Mary Jo White (left), President Barack Obama’s pick to be the next chairwoman of the Securities and Exchange Commission, said during her confirmation hearing before the Senate Banking Committee Tuesday that she would “commit” to reviewing the comments the agency receives on its fiduciary rule before releasing a proposal on the issue.
Sen. Mike Crapo, R-Idaho, ranking minority member on the committee, asked White if she, as SEC chairwoman, would commit to review the comments the agency receives on its request issued on March 1, which asks for public data regarding the “potential regulatory costs to implement potential changes to fiduciary standards for broker/dealers and investment advisors” before writing a rule. White responded that she would “absolutely” do that, as “this is an important area.”
Indeed, in her testimony, White said that one of her “focus” areas as chairwoman would be regulating the conduct of broker-dealers and investment advisors when giving retail investment advice.
While White said that finishing rulemaking mandates under the Dodd-Frank and JOBS Acts “in as timely and smart a way as possible” would be her top priority at the agency, she could not name her top three rulemaking priorities when asked by Sen. Jack Reed, D-R.I.
Stating that the Dodd-Frank and JOBS Acts have both placed a “daunting” task on the agency, White told lawmakers that once at the agency she intended “to personally take charge in assessing” which rules will be priorities.
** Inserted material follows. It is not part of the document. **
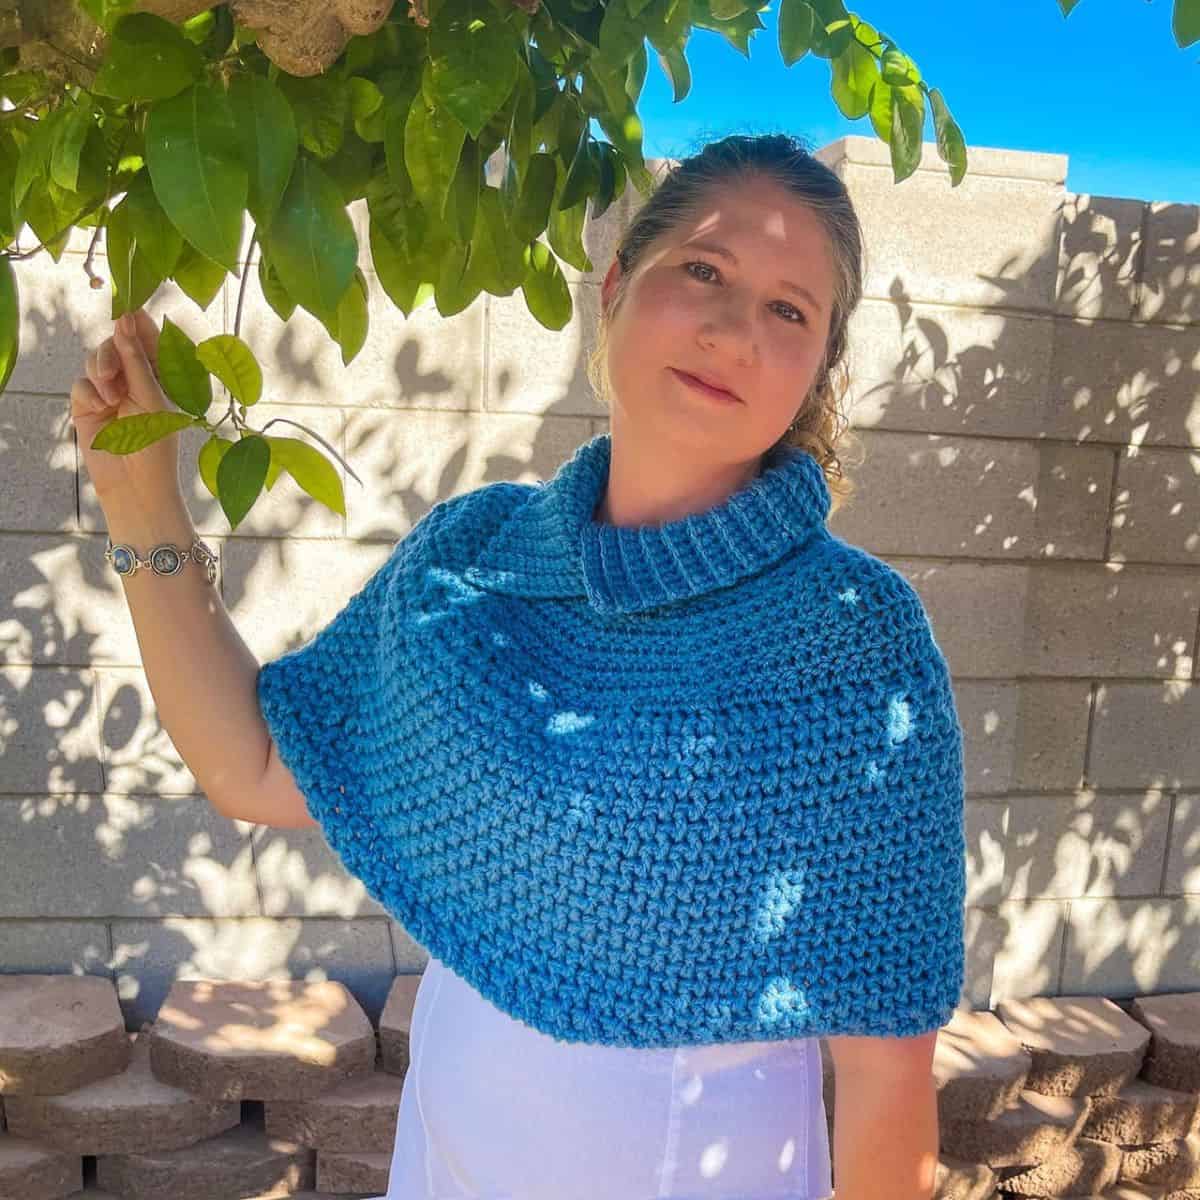 A woman wearing a blue crocheted garment.

White testified along with Richard Cordray, who was renominated by Obama to head the Consumer Financial Protection Bureau. Both White and Cordray received “softball” questions during the hearing, and White’s confirmation by the full Senate is expected to receive little resistance.
White pledged to lawmakers that “the American public would be her client” and that she would “work zealously on their behalf.”
Neil Simon, vice president for government relations at the Investment Adviser Association in Washington, says that he expects White will “have strong bipartisan support” as she is confirmed.
Larry Stadulis, a partner at Stradley Ronon in Washington, told AdvisorOne after the hearing that White “shined” when talking about her enforcement priorities for the agency.